Suppose 20 cyclists (13 of which are male) and 30 runners (18 of which are male) are surveyed at a local park on Saturday morning. Calculate P(cyclist or female).

--First construct a table. --Since these two categories overlap (ie. they are not mutually exclusive), we do not want to count the female cyclists twice. --P(cyclist or female) = P(cyclist) + P(female) - P(cyclist and female) --P(cyclist or female) = 20/50 + 19/50 - 7/50 = 32/50 = 0.640 --Or just count all the cyclists and add only the additional females that have not yet been counted. (7 + 13 + 12) / 50 = 32/50 = 0.640.

Suppose 200 college students are enrolled in the nursing program and 150 students are in business. Of the 200 nursing students 155 are female (the rest are male), and 64 of the business majors are female. Calculate the probability that a student is either a nursing student or female.

--First construct a table. --Since these two categories overlap (ie. they are not mutually exclusive), we do not want to count the female nursing majors twice. --P(nursing or female) = P(nursing) + P(female) - P(nursing and female). --P(nursing or female) = (155+45)/350 + (155+64)/350 - 155/350 = 264/350 = 0.754. --Or just count all the nursing majors and add only the additional females that have not yet been counted. (155 + 45 + 64) / 350 = 264/350 = 0.754.

The Addition Rule

--In probabilities, the word "or" implies addition... just be careful not to double count. --If events are mutually exclusive then there is no overlap to worry about, so no chance of double counting.

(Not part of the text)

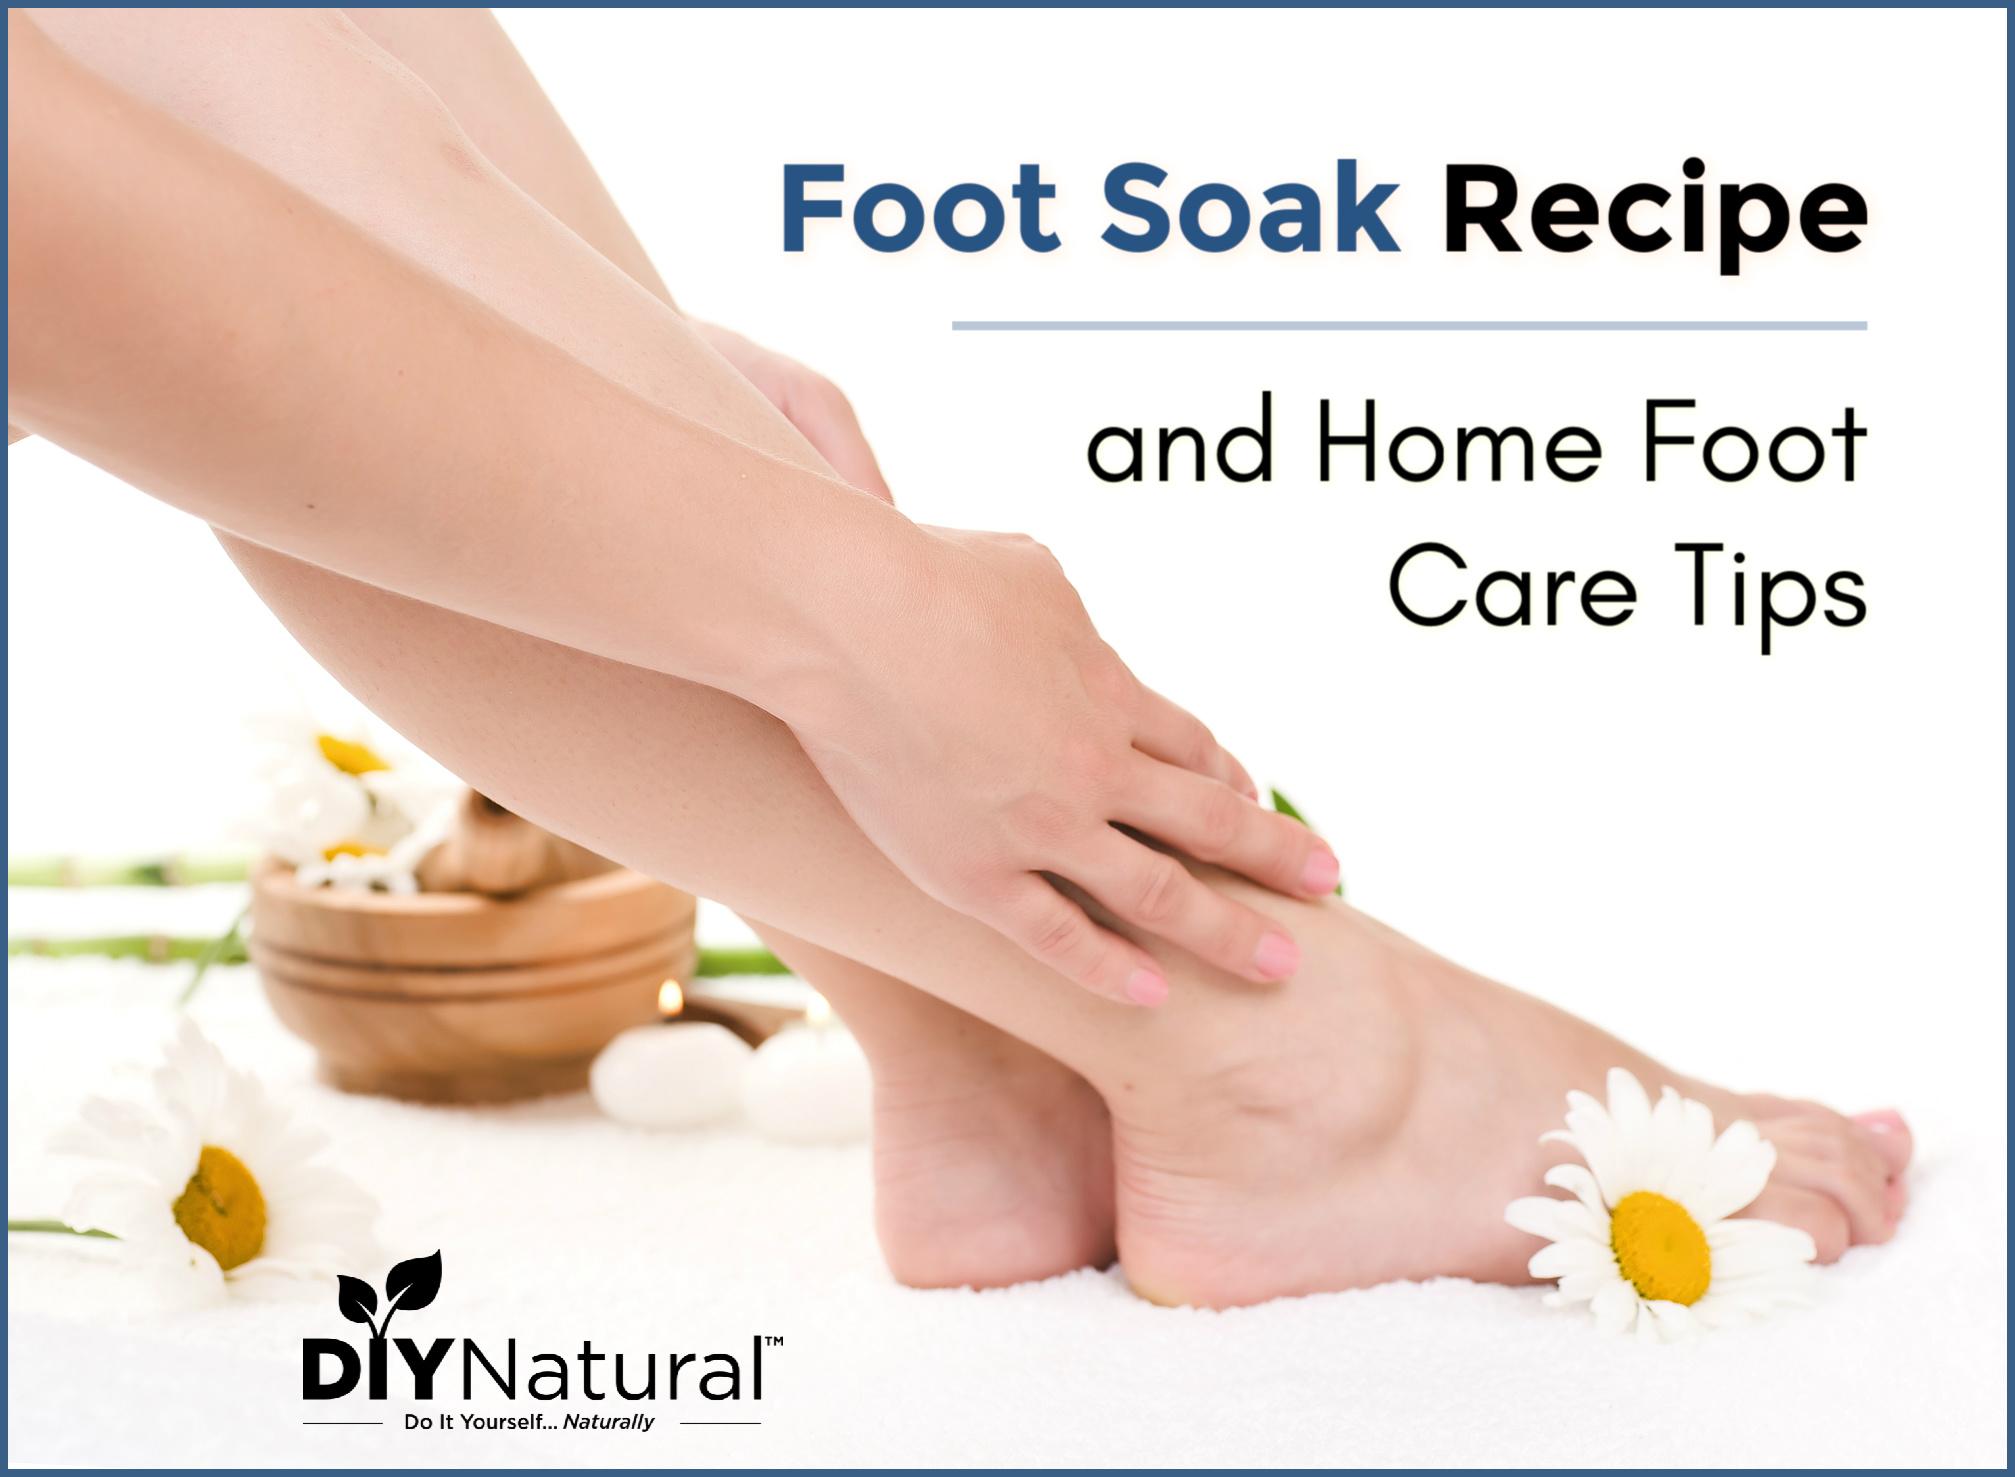 Foot Soak Recipe: A Simple Foot Soak and 8 More Home Foot Care Tips

Suppose 60% of landscapers are certified pesticide applicators. If 5 landscapers are randomly selected, what is the probability that at least one is certified to apply pesticides.

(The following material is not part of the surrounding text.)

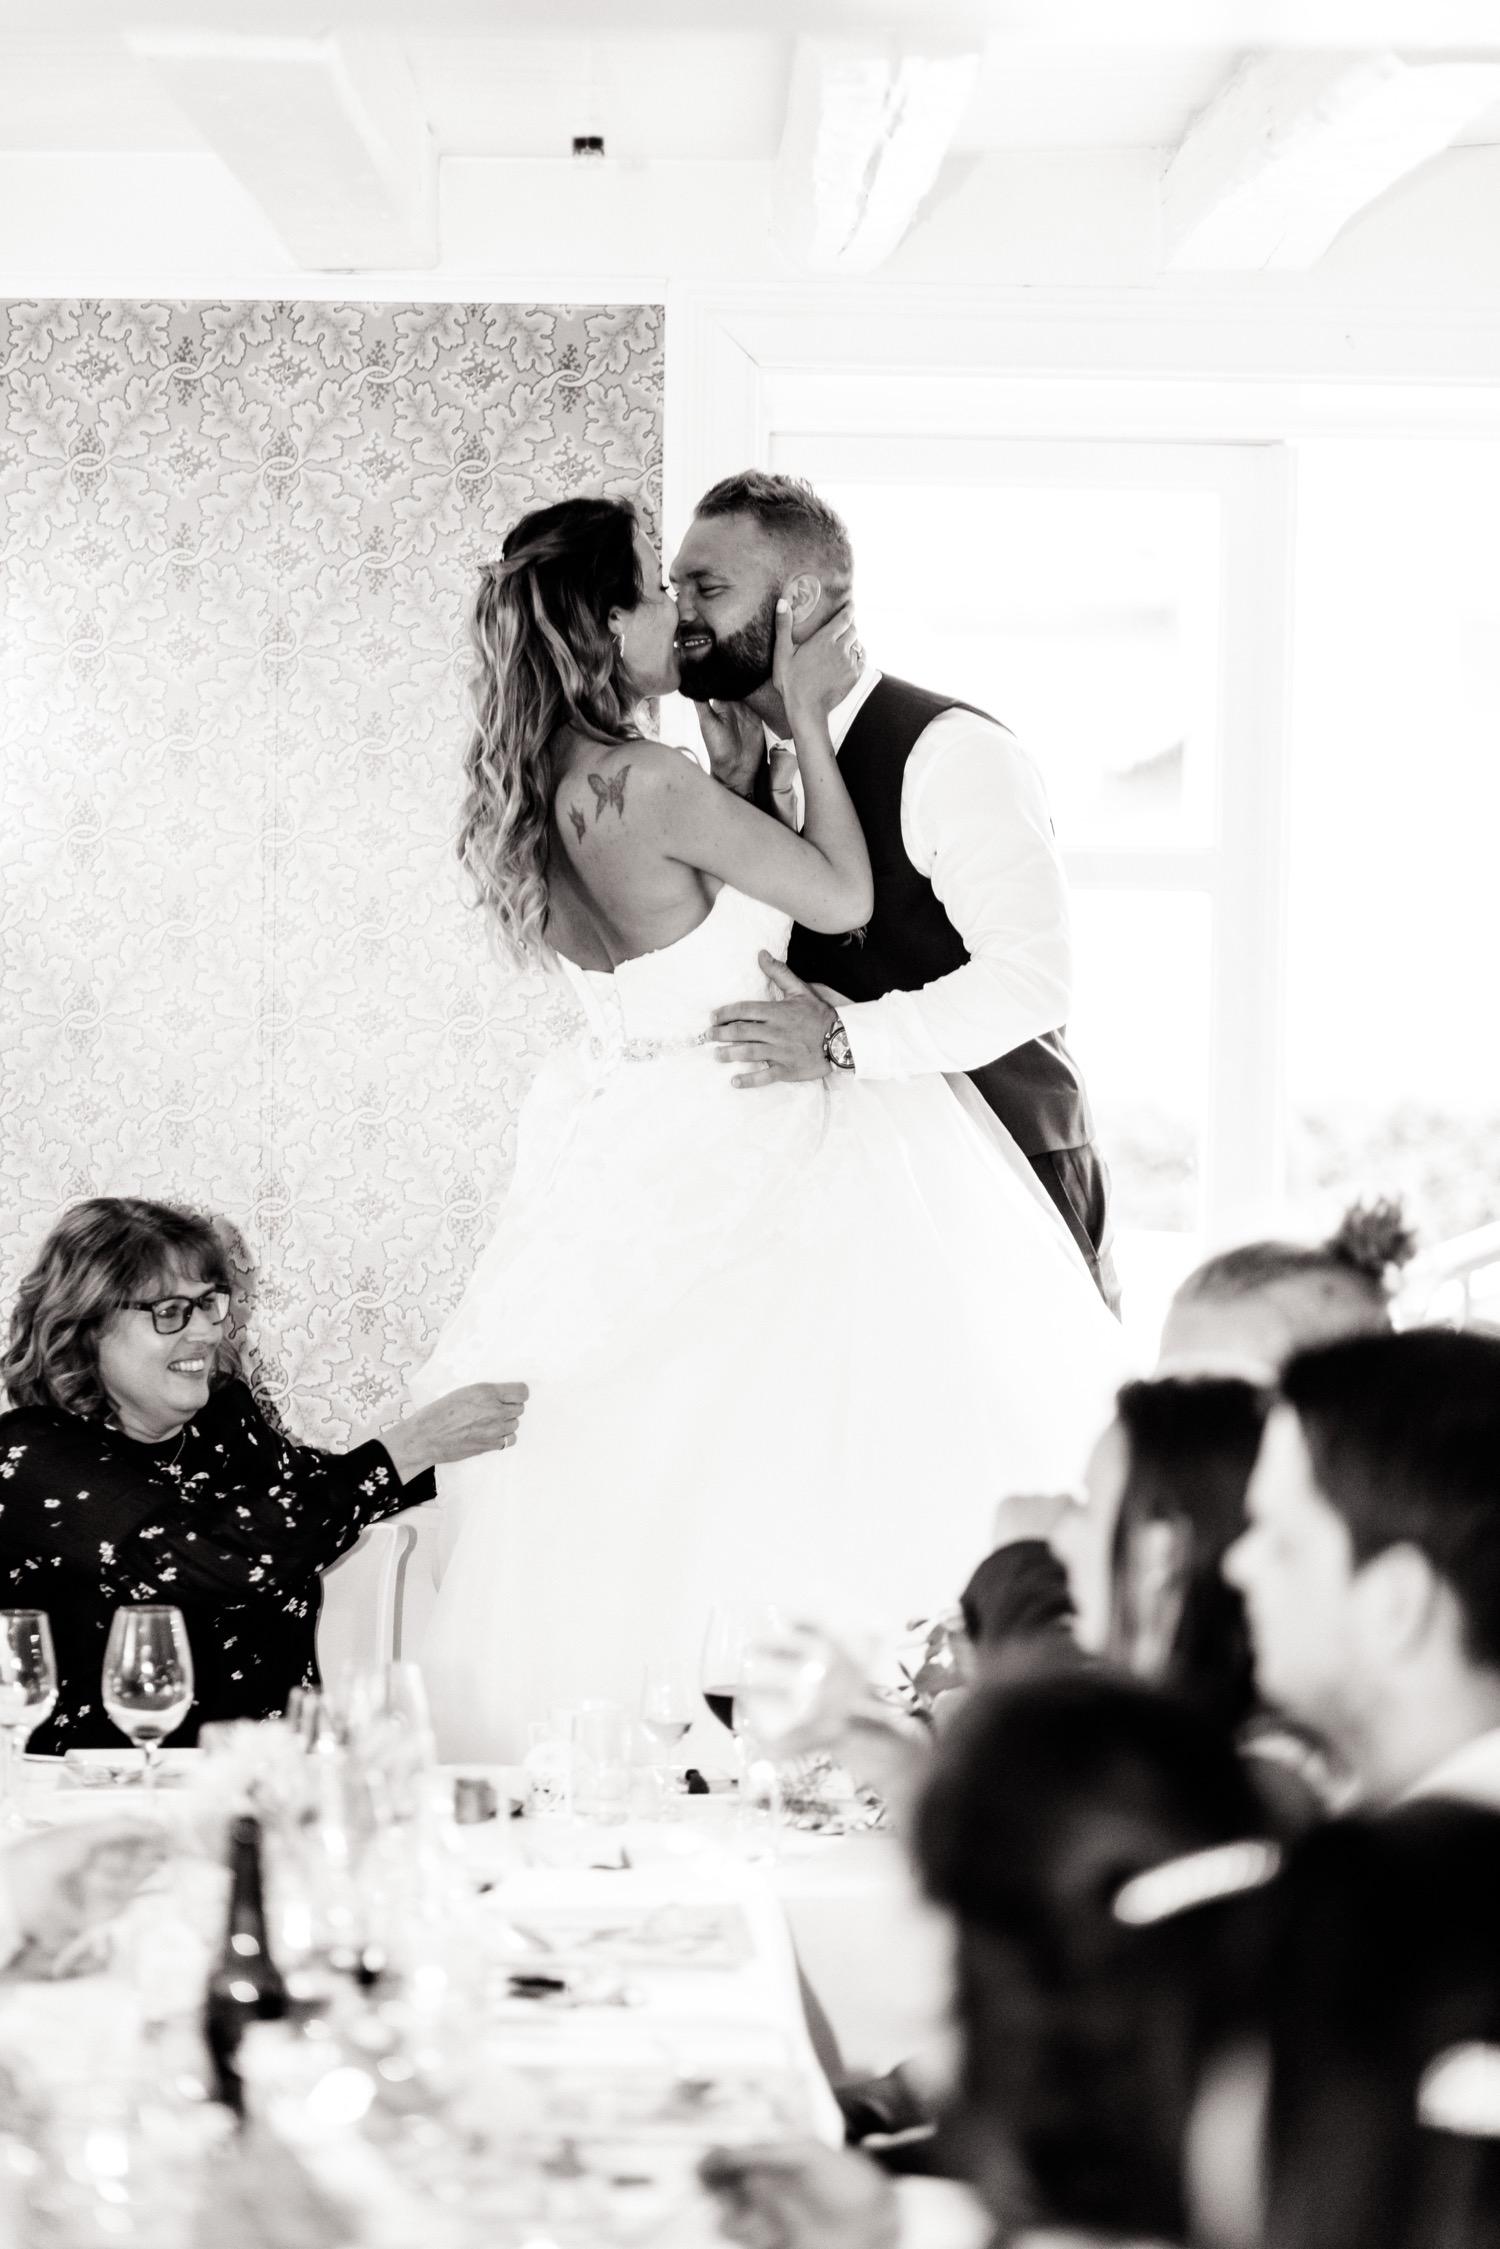 091_weddingphotographer_Bryllupsfotografering_Bryllupsbilder_fatmonkeyfoto_Bryllupsfotograf.jpg

--P(at least one certified) in 5 picks, is the opposite (complement) of picking all not certified in 5 picks. --P(certified) = 60% so P(not certified) = 40% --Since landscapers are independent, P(all 5 not certified) = 0.40^5 = 0.010. --P(at least one certified) = 1 - P(all 5 not certified) = 1 - 0.010 = 0.990.

As chair of a committee, you must randomly select 5 people from your department of 13 men and 16 women. What is the probability that you will select at least one male?

--P(at least one male) in 5 picks, is the opposite (complement) of picking no males (all females) in 5 picks. --Since members of a committee are not independent, P(all 5 female): 16/29 • 15/28 • 14/27 • 13/26 • 12/25 = 0.037. --P(at least one male) = 1 - P(all 5 female) = 1 - 0.037 = 0.963.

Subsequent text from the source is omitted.